Part II, Medicine…

This is my first true rebuttal to President Bush’s 2007 State of the Union address. I plan to write in a sort of sequential order based on the topics that appeared in his speech. One of the first things he brought up was entitlements, state funded health care and retirement. Bush gave lots of figures in his proposal giving increased tax benefits and federal funding to cover lower-income homes and those without insurance through work.

I, however, do not believe this is enough. These tax breaks are nice for individuals, but do nothing to help businesses cope with the massive portion of expenses they cover in order to give insurance to their full-time employees. With the drastic increases in the costs of health insurance over the past decade, fewer small businesses can afford to cover their employees, so the burden has shifted to them. But for that to work out, those employees would have to be paid more in order to cover it, and so they go without coverage. Federally increasing the minimum wage will not cure this problem in any way, and has its own set of unfortunate consequences, which I will go into another time.

What, then, to do?

It is time for America to step up to the plate and accept the truth that health care is not a business, it is a societal need. We have the wealth and the capacity to provide medical care to each and every citizen. If business and government alike wish to keep everyone working, they should be completely in favor of not subsidizing the health insurance business and their administrations, and just giving untaxed money much more directly to the use of medicine.

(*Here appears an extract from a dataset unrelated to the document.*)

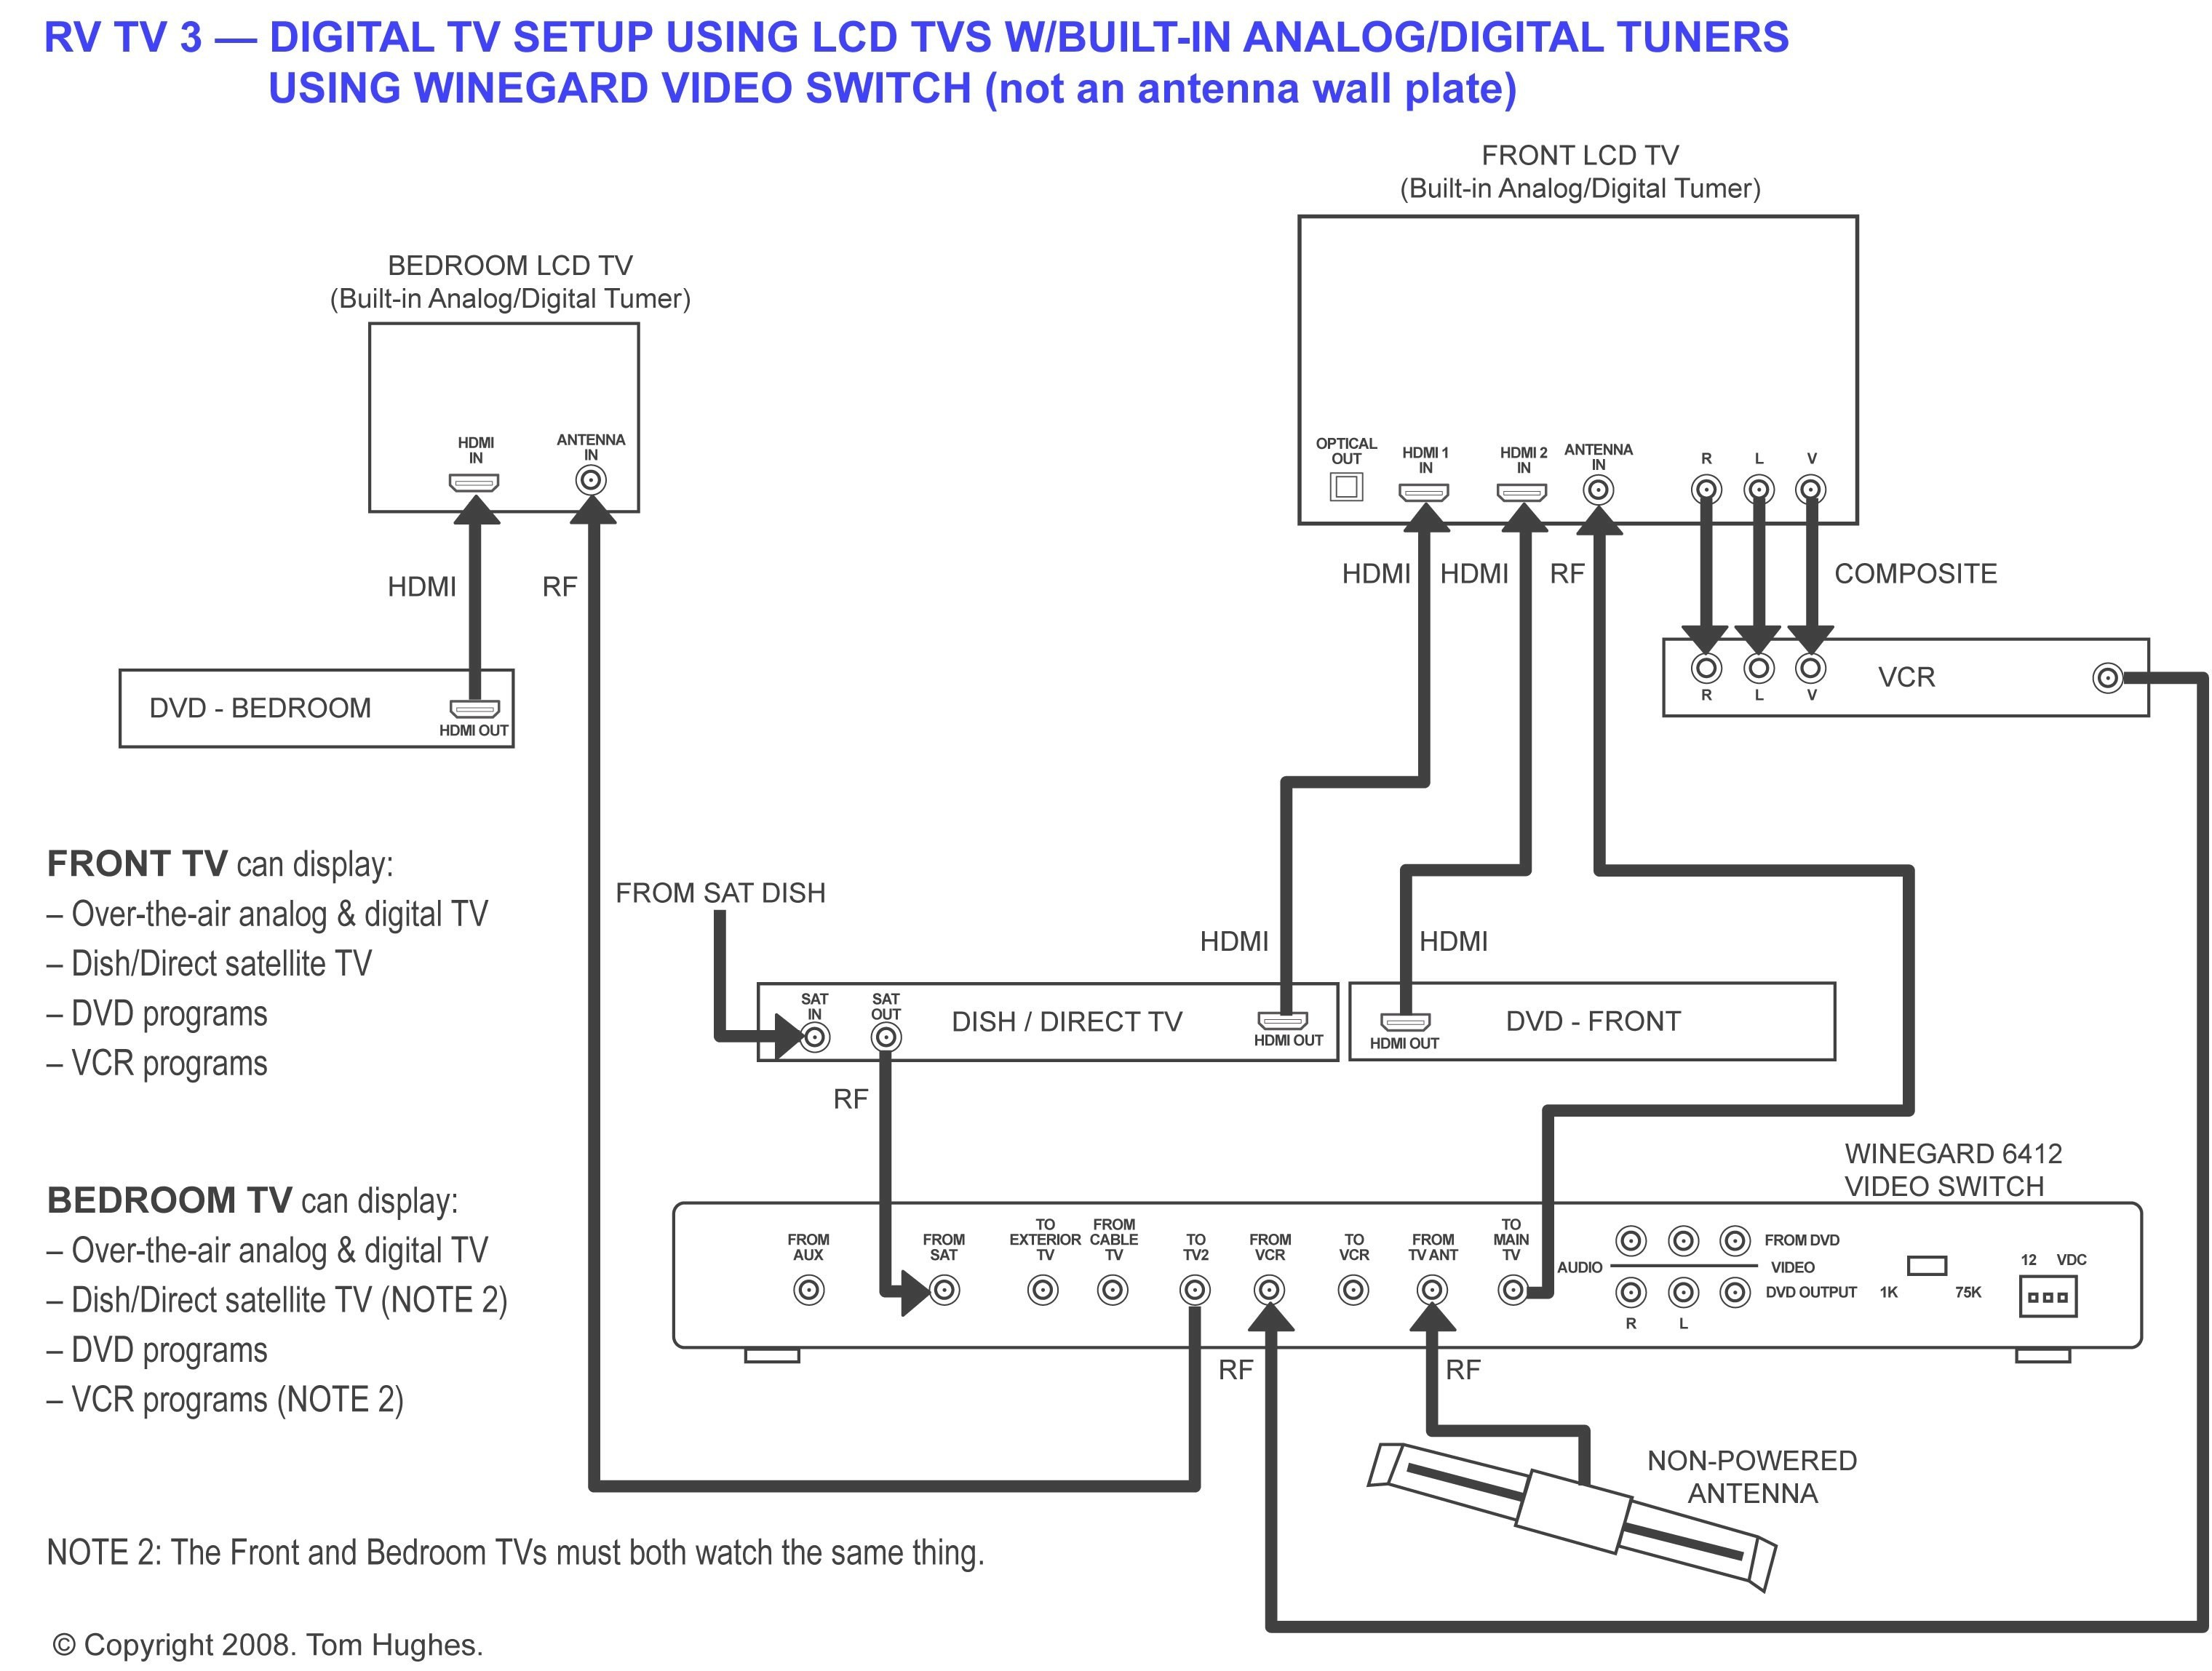 Directv Swm Splitter Wiring Diagram Wiring Diagram for Tv In An Rv Typical Rv Wiring Diagram Wiring Of Directv Swm Splitter Wiring Diagram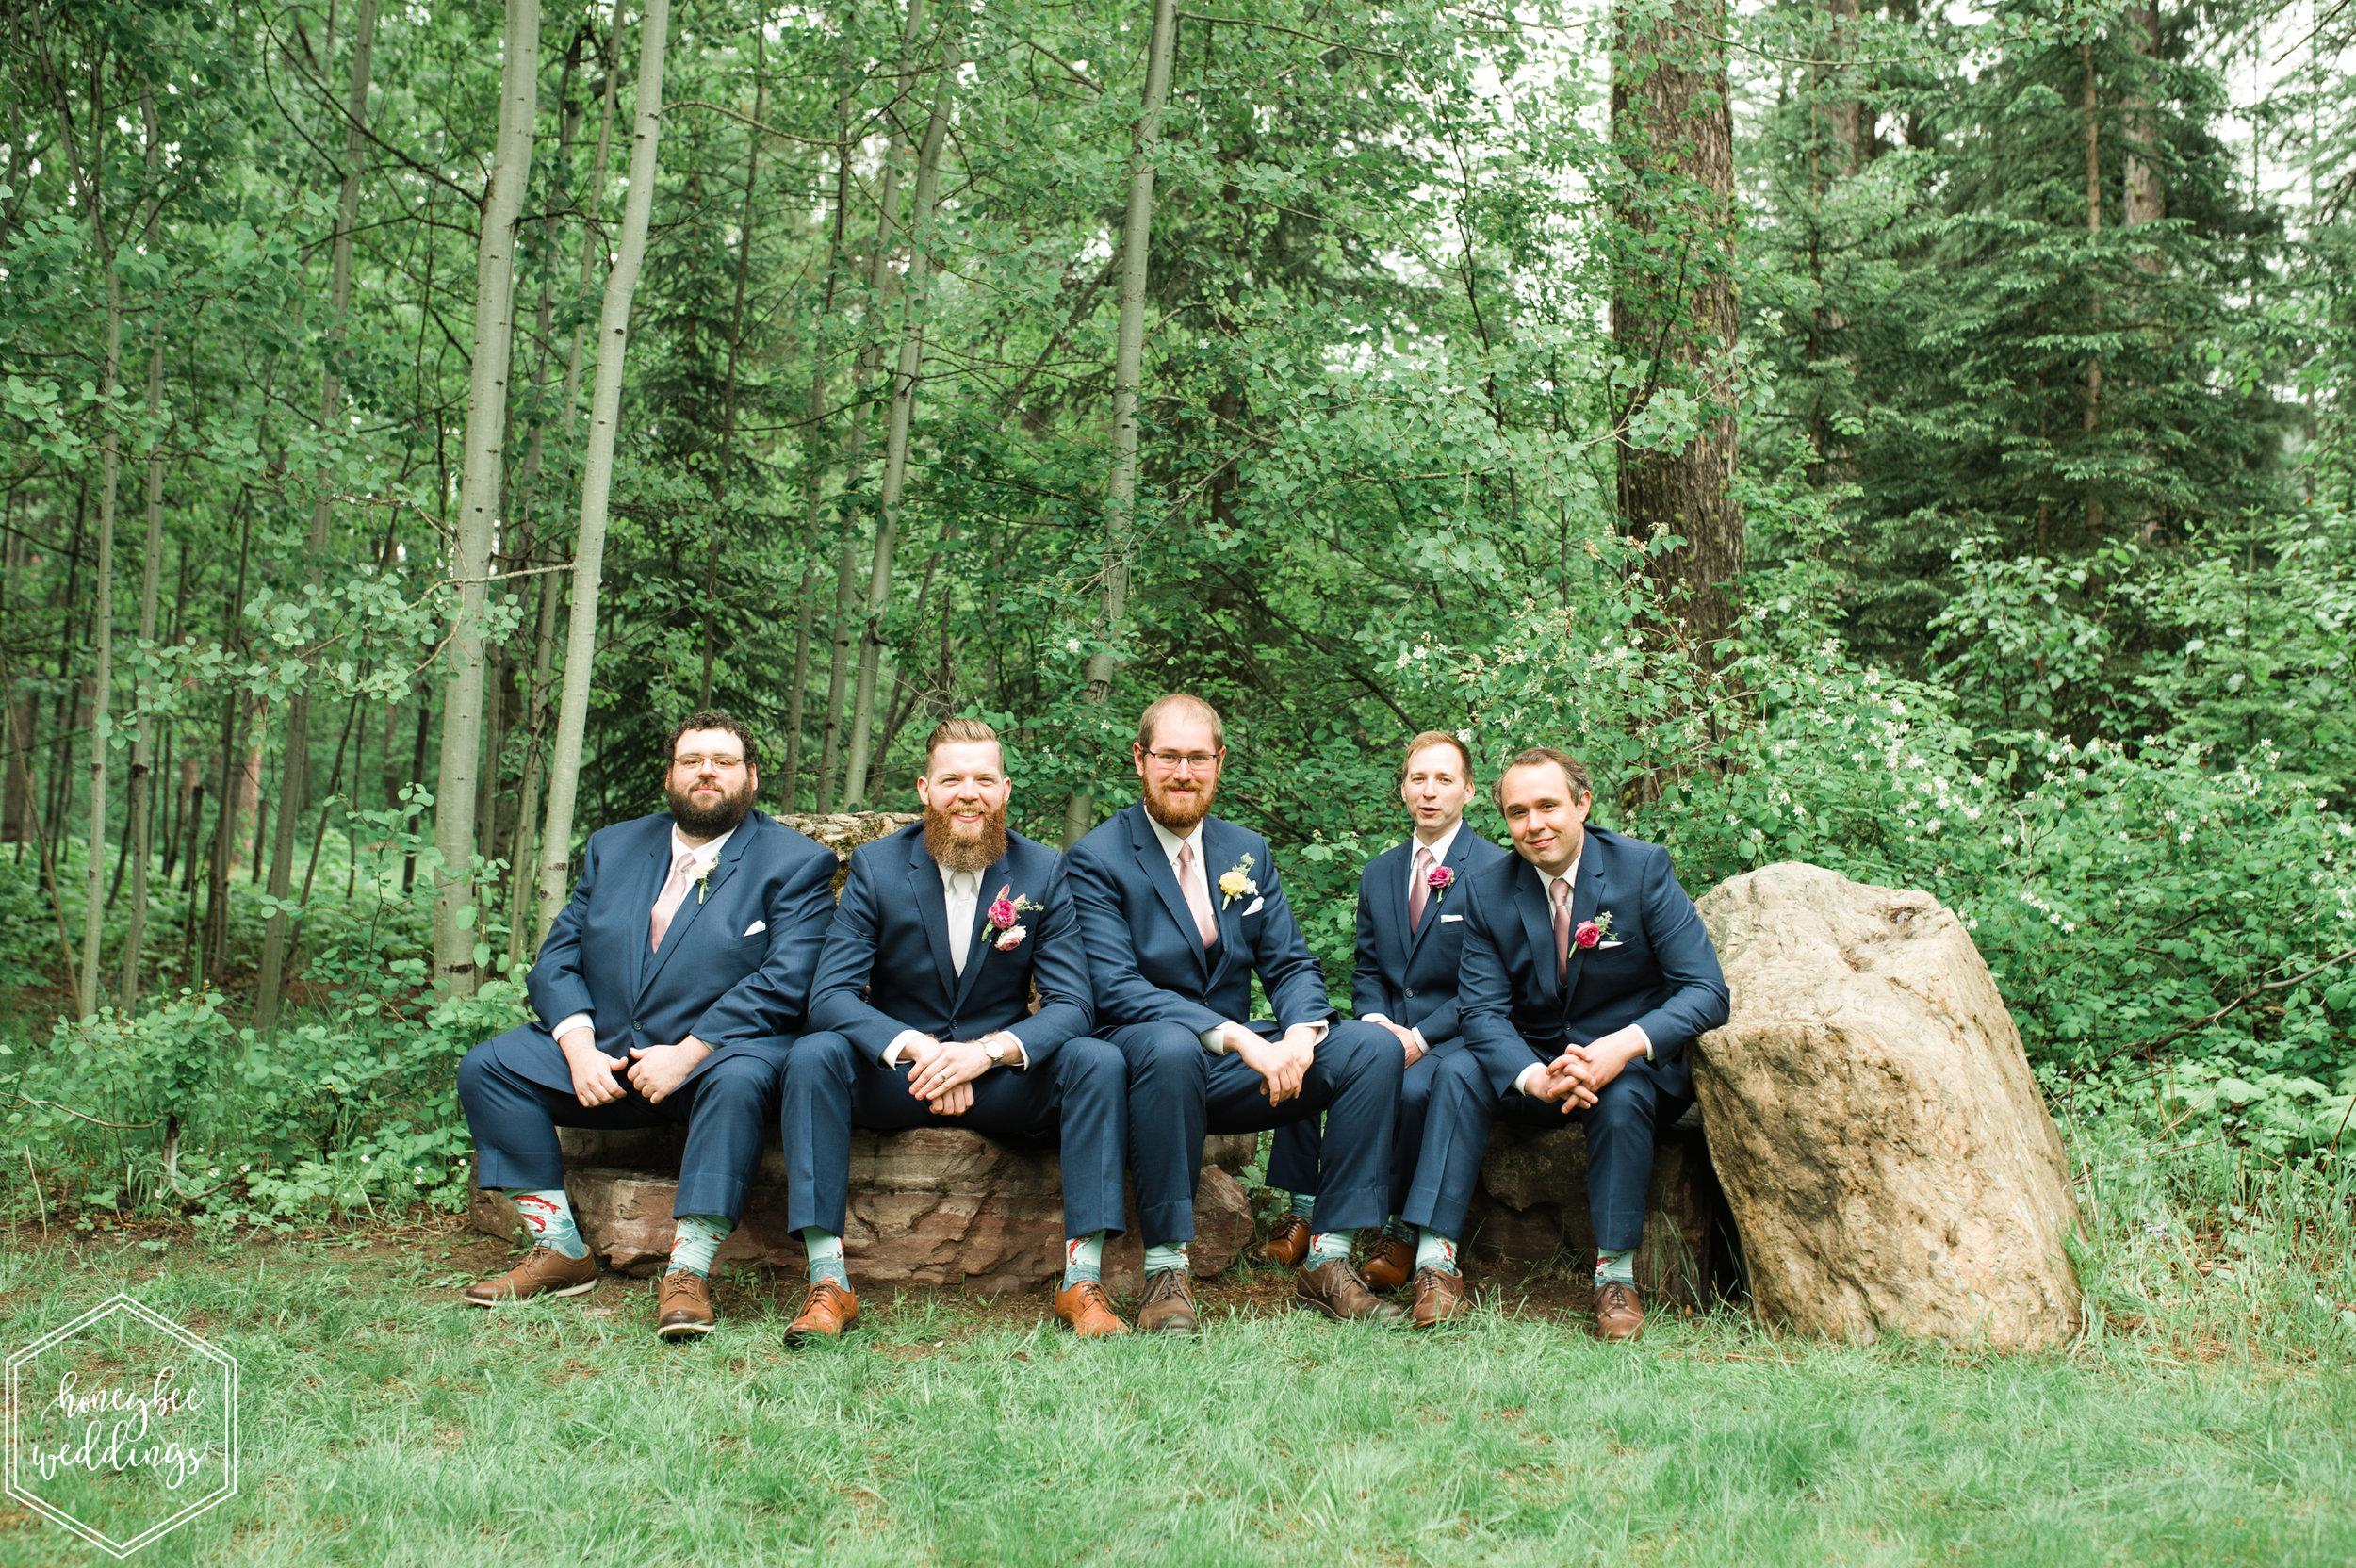 092Glacier National Park Wedding_Izaak Walton Inn Wedding_Honeybee Weddings_Norah & Kyle_June 08, 2019-700.jpg

My solution is for the United States to create a basic Universal Health Care service, and completely nationalize our current health care and insurance industry. I greatly applaud Massachusetts for being the forerunner of universal health coverage, and am behind California following suit. Let them be the testing grounds to set the stage for when it can be implemented across the entire nation.

This, I am sure, is overly idyllic. But, as hundreds of years of use now has shown, capitalism has its dehumanizing aspects, and this is one of those aspects. The idea that human health is a matter of profit for a company, rather than given its due consideration and dignity, is unfortunate. Ask almost anyone who is actually in the health care industry, and you’ll find countless scores of women and men devoted to improving the lives of others. The thought of making sure they make a few bucks when someone needs antibiotics for a minor infection does not even enter their minds.

I also think that, what it boils down to, is whether or not we are actually in this societal experiment together. We’re all here now, and we’re all neighbors. When one person is in need, others surely will step in to help. All people everywhere believe in this basic principle in one way or another, because it’s a factor of living as societies.

The biggest lynchpin to the whole scenario involves caring for those who no longer contribute to society, namely the elderly. This is where social security lines up with health care in terms of being in dire need of contributers vastly outnumbering consumers. To this, I say the retirement age absolutely must be increased. People live longer, and are far more able in their later years than they used to be. Also, a great many retired people would probably have wanted to work several more years before being ousted. The original retirement age of 55 was set in place when the average person did not live to that point, and those who lived beyond did not for very long. To this, I say the retirement age should be 75 or 80. This would change the ratio of those working against those drawing pensions a great deal.

There is far more to say, and many more details to work out in these ideas. And it is entirely possible my thoughts are completely flawed and could never work. Either way, I plan to keep pondering it and working out the numbers. Still, my common sense tells me that if we eliminate the business administration end of health care, and eliminate the idea of private insurance at all, medical treatments might just become cheaper.